# Flywheel/Ring gear



## lukester (Oct 12, 2011)

My brother was mowing Sunday when my 1950 8N stopped...after pulling the starter off and inspecting the gear, it looked fine. Looked through the inspection flap at the ring gear...it spins and looks OK, but the motor doesn't turn over. It's like something is sheared off.

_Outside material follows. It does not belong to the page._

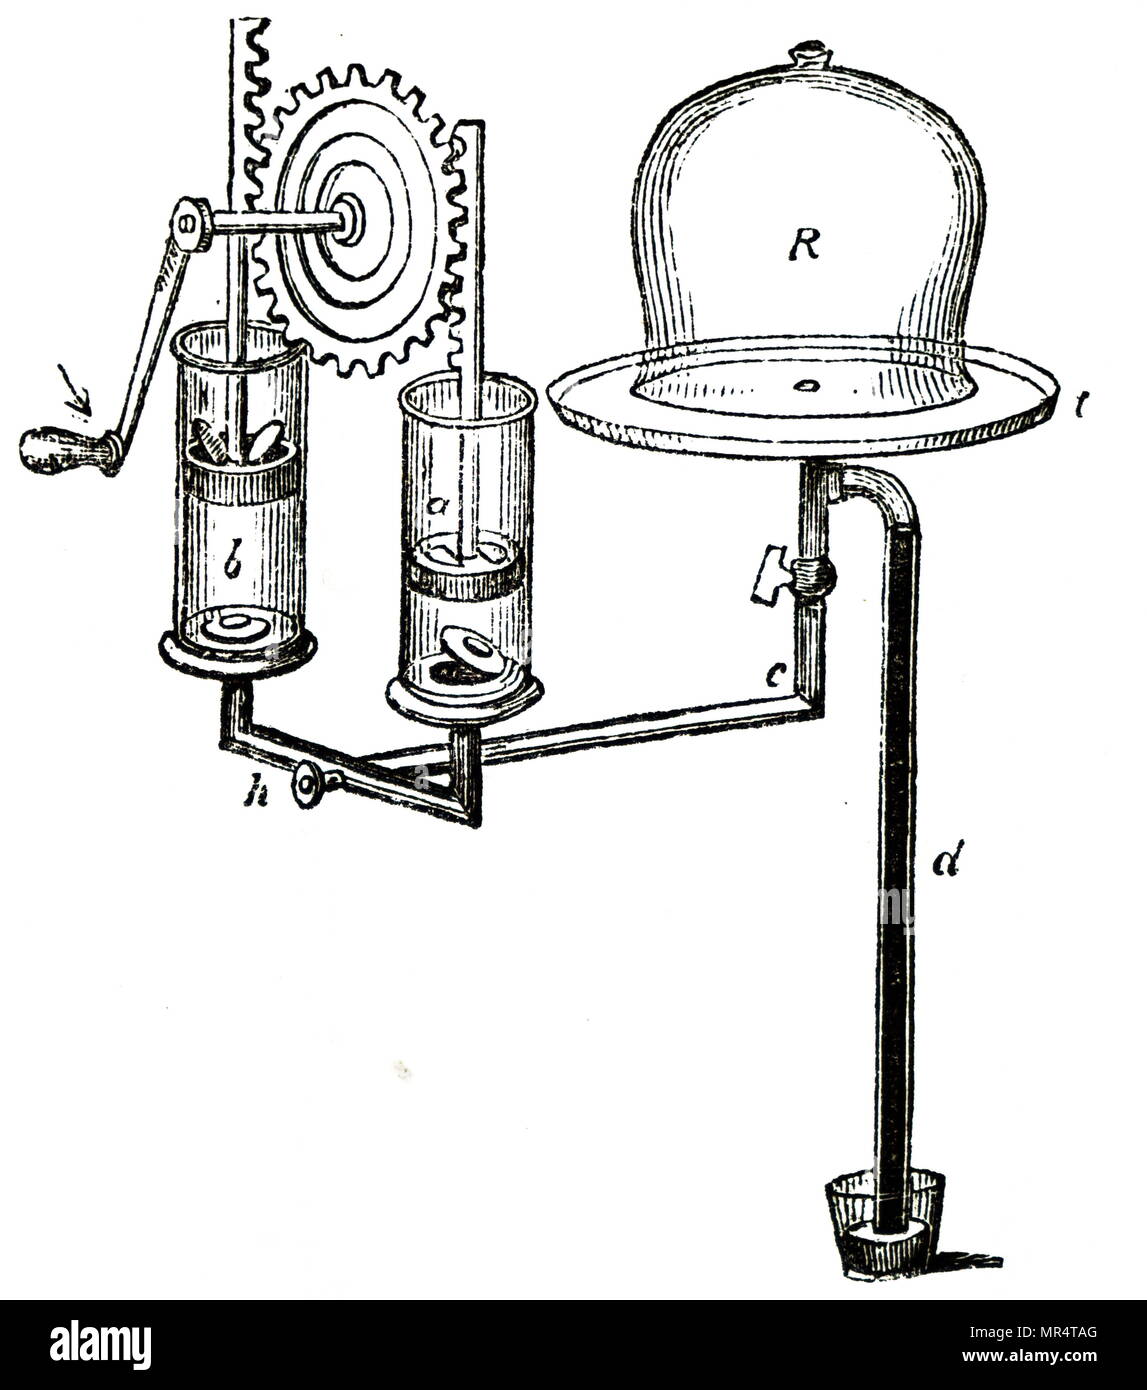 Diagramm einer Zahnstangenlenkung Mechanismus für den Betrieb der Pumpe verwendet. Vom 19. Jahrhundert Stockfoto

Bolts??? I have a feeling it's going to be a bear to fix.


----------



## Bedford24 (Sep 28, 2011)

Here is the Parts Break Down - Here is a Good Repair Info Site -http://www.oldfordtractors.com/rep.htm also you can get a Service Manual here -https://www.allpartsstore.com/ItemDetl.htm?B2BSessionID=111012030299451&CategorySeq=B&SelcBrand=FD&SelcMachn=TRACTOR&SelcModel=8N&SelcSectn=SM&SelcSubsc=SM01&SearchItem=1&TextSearch=&ItemNumber=SMFO4 - or the parts here -https://www.allpartsstore.com/Search.htm?CategorySeq=B&SelcBrand=FD&SelcMachn=TRACTOR&SelcModel=8N&SelcSectn=E&SelcSubsc=E25


----------



## sixbales (May 18, 2011)

Broken Crankshaft??


----------



## bstrang4 (Apr 12, 2011)

Most likey sheared flywheel to crankshaft bolts. This is not that uncommon as I have seen it before on several 9n/8n/2n tractors.


----------